ACTIVITY:
Output only the lines below from the one containing "Gt's Guava Goddess" to the one containing "Candy Underwear for", exactly as written, both ends kept.

(Records contained in a dataset)
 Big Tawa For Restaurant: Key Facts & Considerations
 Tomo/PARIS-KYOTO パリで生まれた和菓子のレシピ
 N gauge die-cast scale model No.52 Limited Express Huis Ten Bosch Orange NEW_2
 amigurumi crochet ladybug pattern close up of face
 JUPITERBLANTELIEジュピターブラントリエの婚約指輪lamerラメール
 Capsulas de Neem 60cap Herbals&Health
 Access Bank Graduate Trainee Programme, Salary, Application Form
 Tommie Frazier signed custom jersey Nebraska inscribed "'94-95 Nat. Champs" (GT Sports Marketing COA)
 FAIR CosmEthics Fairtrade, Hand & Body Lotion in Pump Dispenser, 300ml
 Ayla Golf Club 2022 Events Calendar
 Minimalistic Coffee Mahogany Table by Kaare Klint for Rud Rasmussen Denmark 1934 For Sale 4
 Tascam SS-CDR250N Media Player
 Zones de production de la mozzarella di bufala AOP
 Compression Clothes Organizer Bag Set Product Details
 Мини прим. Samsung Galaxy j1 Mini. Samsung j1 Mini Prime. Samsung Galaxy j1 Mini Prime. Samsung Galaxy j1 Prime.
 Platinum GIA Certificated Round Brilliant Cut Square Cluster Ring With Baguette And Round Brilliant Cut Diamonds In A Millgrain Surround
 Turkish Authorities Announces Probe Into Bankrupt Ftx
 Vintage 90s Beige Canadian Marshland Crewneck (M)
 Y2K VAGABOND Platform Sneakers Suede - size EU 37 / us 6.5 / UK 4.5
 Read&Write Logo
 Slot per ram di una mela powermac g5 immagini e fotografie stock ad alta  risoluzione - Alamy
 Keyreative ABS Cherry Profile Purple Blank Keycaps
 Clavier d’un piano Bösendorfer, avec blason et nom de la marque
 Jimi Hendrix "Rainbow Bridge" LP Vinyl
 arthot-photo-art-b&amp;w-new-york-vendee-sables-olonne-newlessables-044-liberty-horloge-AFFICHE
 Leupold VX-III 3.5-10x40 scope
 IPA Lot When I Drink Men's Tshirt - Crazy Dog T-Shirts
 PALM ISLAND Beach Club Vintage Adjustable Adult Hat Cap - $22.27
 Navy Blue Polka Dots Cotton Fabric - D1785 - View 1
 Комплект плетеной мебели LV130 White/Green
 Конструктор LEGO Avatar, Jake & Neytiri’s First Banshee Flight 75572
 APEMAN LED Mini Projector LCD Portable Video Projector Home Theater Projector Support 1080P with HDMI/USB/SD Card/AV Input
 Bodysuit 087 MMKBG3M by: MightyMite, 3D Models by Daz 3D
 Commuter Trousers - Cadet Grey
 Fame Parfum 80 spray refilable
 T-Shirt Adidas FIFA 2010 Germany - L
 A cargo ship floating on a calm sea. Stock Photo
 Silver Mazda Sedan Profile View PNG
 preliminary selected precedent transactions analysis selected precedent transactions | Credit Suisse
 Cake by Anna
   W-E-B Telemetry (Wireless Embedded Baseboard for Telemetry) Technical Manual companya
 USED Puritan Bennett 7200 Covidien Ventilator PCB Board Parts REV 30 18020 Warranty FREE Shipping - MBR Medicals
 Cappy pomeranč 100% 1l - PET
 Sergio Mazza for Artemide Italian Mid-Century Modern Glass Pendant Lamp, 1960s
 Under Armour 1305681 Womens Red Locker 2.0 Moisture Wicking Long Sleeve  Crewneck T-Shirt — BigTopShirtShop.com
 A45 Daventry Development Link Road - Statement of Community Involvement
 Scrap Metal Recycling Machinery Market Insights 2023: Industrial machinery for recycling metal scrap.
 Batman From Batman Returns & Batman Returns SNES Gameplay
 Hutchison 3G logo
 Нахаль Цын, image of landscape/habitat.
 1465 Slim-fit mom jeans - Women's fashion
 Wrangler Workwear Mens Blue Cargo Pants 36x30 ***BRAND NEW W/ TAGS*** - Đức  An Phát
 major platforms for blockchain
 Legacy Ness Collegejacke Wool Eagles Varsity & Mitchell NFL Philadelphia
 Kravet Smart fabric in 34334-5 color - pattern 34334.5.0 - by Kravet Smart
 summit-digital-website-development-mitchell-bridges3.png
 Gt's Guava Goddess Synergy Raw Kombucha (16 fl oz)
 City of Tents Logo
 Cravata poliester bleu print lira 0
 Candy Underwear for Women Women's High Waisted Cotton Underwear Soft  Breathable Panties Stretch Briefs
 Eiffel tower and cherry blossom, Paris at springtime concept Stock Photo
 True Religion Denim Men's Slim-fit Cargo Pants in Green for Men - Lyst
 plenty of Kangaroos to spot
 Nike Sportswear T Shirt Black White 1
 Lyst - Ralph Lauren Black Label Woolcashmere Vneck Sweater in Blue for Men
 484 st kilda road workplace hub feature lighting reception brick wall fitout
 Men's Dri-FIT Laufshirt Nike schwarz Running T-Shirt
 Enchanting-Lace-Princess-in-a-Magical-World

EXERCISE OUTPUT:
 Gt's Guava Goddess Synergy Raw Kombucha (16 fl oz)
 City of Tents Logo
 Cravata poliester bleu print lira 0
 Candy Underwear for Women Women's High Waisted Cotton Underwear Soft  Breathable Panties Stretch Briefs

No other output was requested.